-- Information supplied --

---

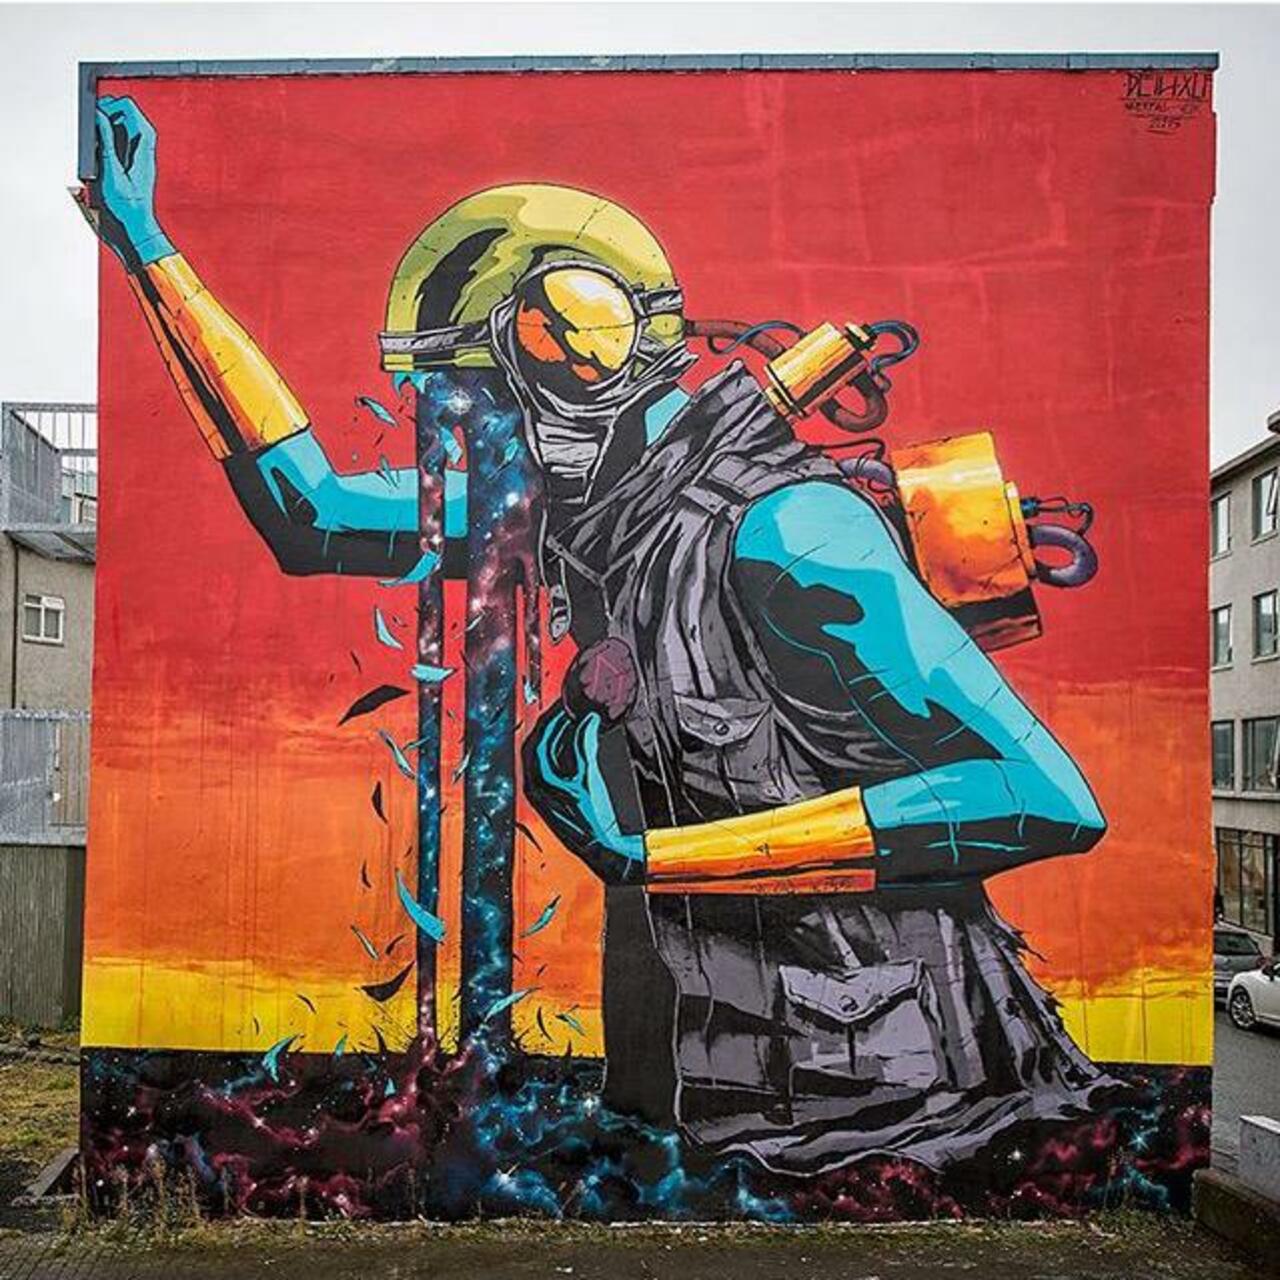 Street Art by Deih in Reykjavik 

#art #graffiti #mural #streetart https://t.co/5wYl7nuVOf
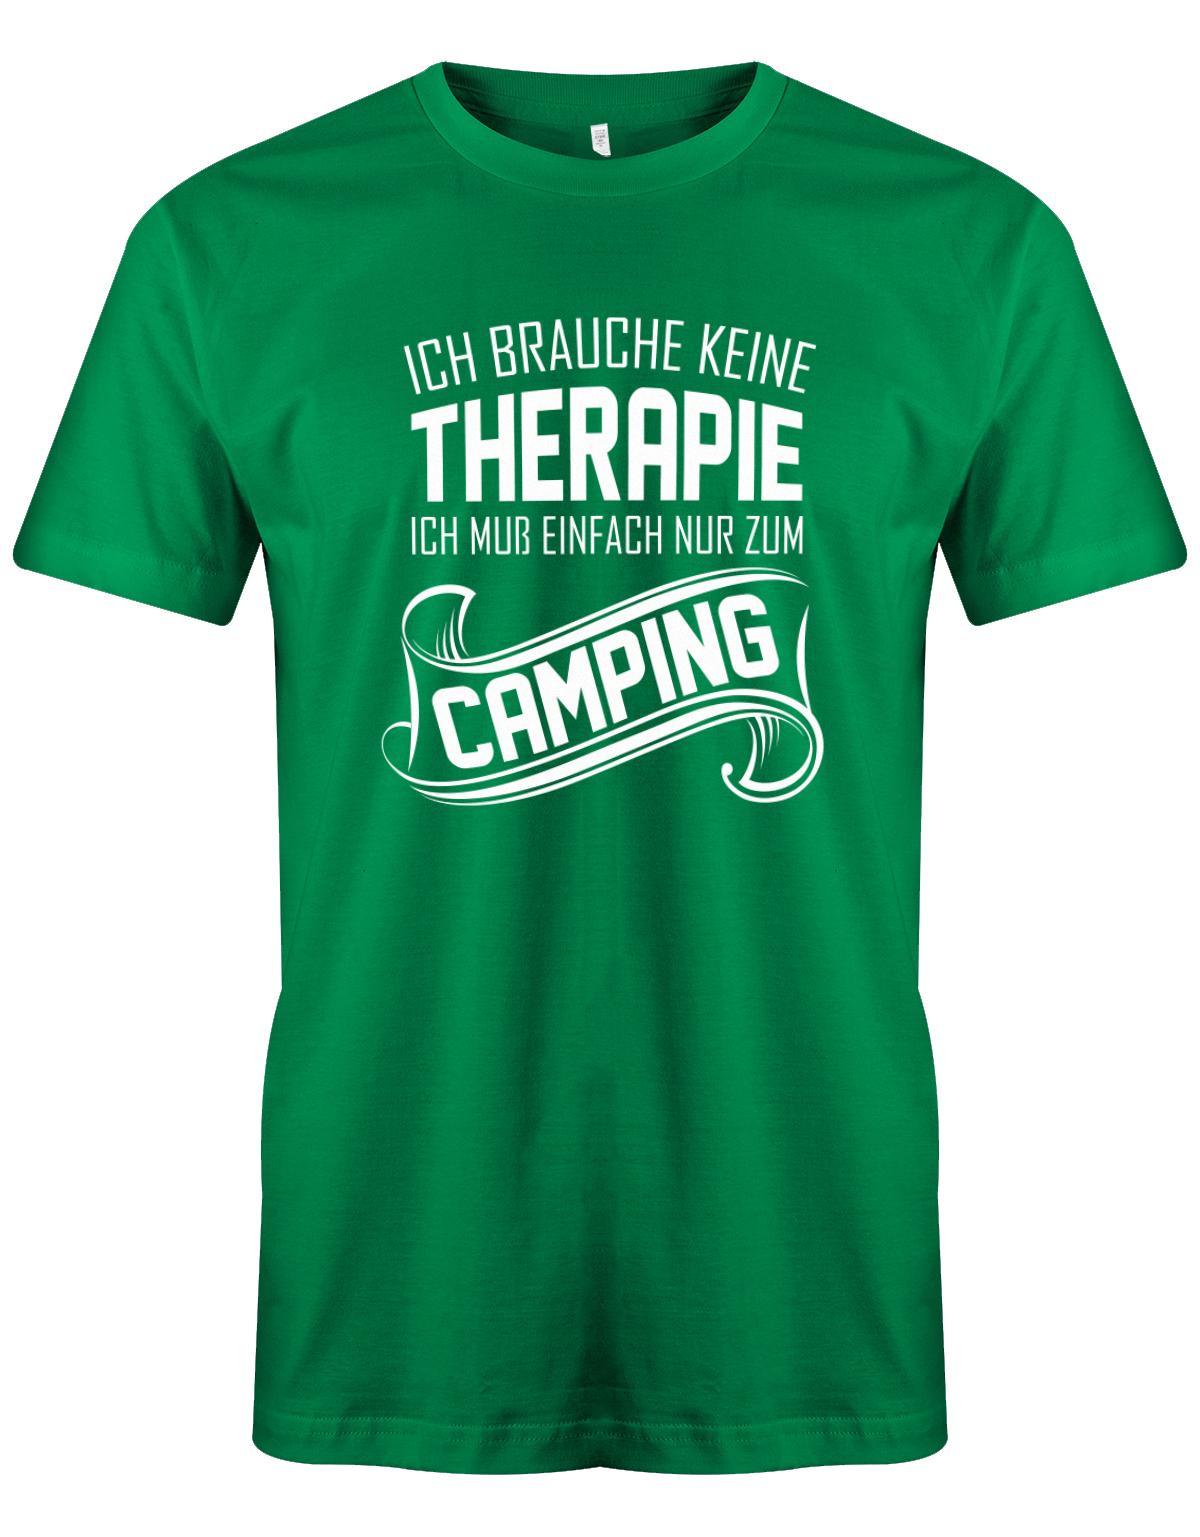 Ich-brauche-keine-Therapie-ich-muss-einfach-nur-zum-camping-Herren-Camper-Shirt-gruen

---

-- What you are asked to do --
Only the text of the listing should be returned, exactly and in full; no image goes into the copy.

-- Answer space --
 Street Art by Deih in Reykjavik 

#art #graffiti #mural #streetart https://t.co/5wYl7nuVOf
 Ich-brauche-keine-Therapie-ich-muss-einfach-nur-zum-camping-Herren-Camper-Shirt-gruen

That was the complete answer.